Um es einfacher zu machen, hier meine Haus-Netzwerk stark zusammen gefasst:
Abstellraum: Hauptrouter (WLAN = AUS)
Zimmer 1: WLAN Router 1: SSID: Zimmer_A
Zimmer 2: WLAN Router 2: SSID: Zimmer_B
Zimmer 3: WLAN Router 3 SSID: Zimmer_C
Drucker 1: Abstellraum, direkt am Hauptrouter angeschlossen
Drucker 2: Zimmer 3, am Router 3 angeschlossen. 
Raspberry Pi mit Samba (fungiert sozusagen als NAS): Zimmer 3, am Router 3 angeschlossen.

Mein Problem: Drucker 2 und der Raspberry Pi ist nur in Zimmer 3 mit dem Router 3 Netzwerk erreichbar. Ich hatte bereits versucht, jedes WLAN Netzwerk gleich zu benennen, aber dann brach das ganze Internet zusammen. Außerdem geht die Portweiterleitung nur über 2 Router. 
Ich habe gehört, dass das etwas mit dem DCHP Server zu tun hat, den man abschalten soll. Tu ich das, geht das Internet darüber nicht mehr


Kann mir da jemand helfen? Habe hier mal einige Themen durchschaut, aber nicht direkt mein Problem gefunden.

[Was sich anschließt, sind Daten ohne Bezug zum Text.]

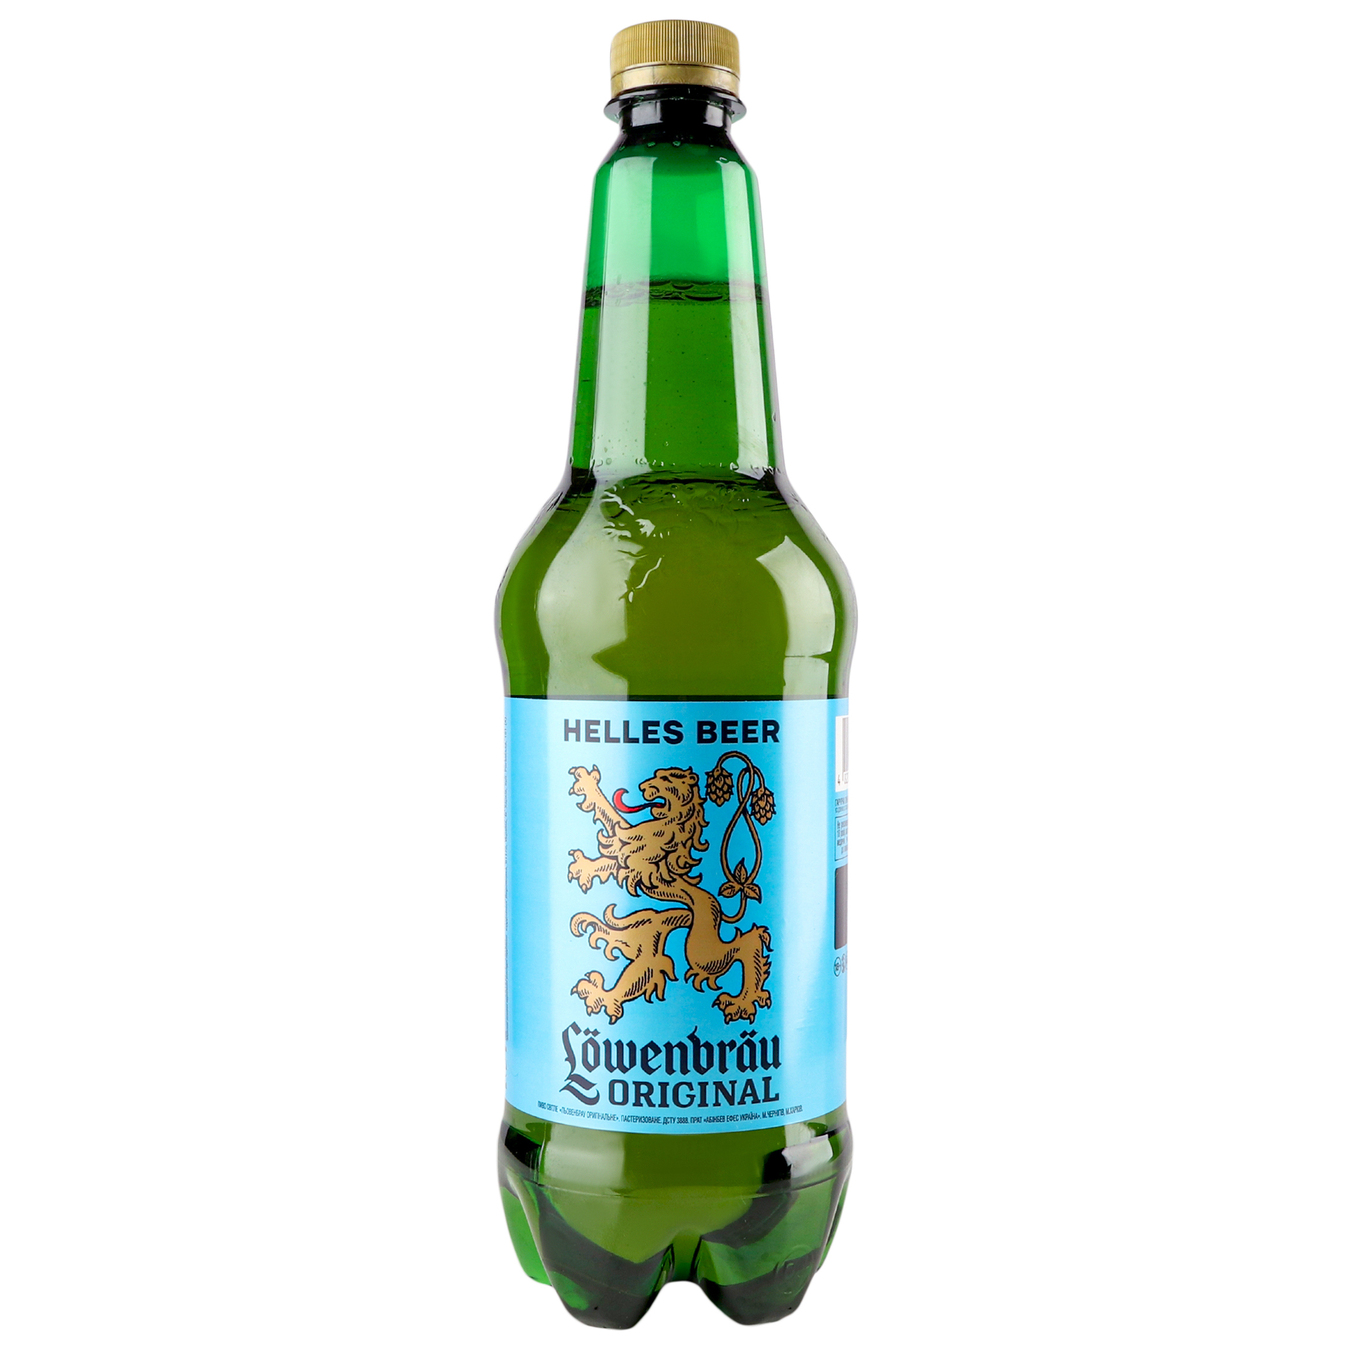 Пиво Lowenbrau Original пастеризованное светлое 5,1% 0,9л

Edit: ich habe diese Anleitung probiert, aber das Ergebnis war kein Internet mehr: Anleitung Wie man aus jedem WLAN-Router einen WLAN-Access Point macht (v0.1) - ComputerBase Forum


----------



## NatokWa (8. April 2017)

Der HAUPT-Router (Welcher zum I-Net verbindet) muss DHCP Aktiviert haben , die ANDEREN nicht . 

DHCP ist die abkürzung für die Verwaltungsfunktioonen fürs Netzwerk wie z.b. IP-Vergabe . Verteilen 3 Router ihre eigenen IP's hast du eben auch 3 Netzwerke . 
Einfacher währe das zu lösen wenn du statt Routern Repeater einsetzen würdest ... aber wie ich sehe sind die einzelnen "unter" Router per Kabel angeschloßen ??  Repeater mit Lan-Anschluß -> Einstellung LAN->Wlan Brücke und das läuft , selbst dann wenn die einzelnen Repeater EIGENE W-Lan Namen nutzen .

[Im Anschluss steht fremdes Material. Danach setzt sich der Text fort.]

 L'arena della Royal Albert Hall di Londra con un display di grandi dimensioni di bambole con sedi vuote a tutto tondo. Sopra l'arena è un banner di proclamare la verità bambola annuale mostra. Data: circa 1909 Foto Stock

BTW : Natürlich ist dieser billige TP-Link Schrott billiger als vergleichbare "Acces-Points" (Übertriebener Name für Funktionen die ein Repeater auch hat) , die sind aber eben auch eher Elektromüll als brauchbare Hardware .....


----------



## delobre (8. April 2017)

Repeater, also die das WLAN Signal verstärken kann ich vergessen, ich habe nach einer Etage 0% empfang ^^ Aber gibts die auch mit LAN-Verbindung? Sind das dann nicht Prinzip APs?


----------



## Deep Thought (8. April 2017)

DHCP hat nur am Rande was mit dem Problem zu tun. Das eigentliche Problem ist, dass die Router ein neues Subnetz erstellen, das vom Rest des Netzes logisch getrennt ist. 
Dabei sollen sie nichts weiter machen, als das Netzwerk 1:1 vom LAN nach WLAN weiter zu leiten. Sie sollen also nicht wie ein Router arbeiten, sondern wie ein Access Point.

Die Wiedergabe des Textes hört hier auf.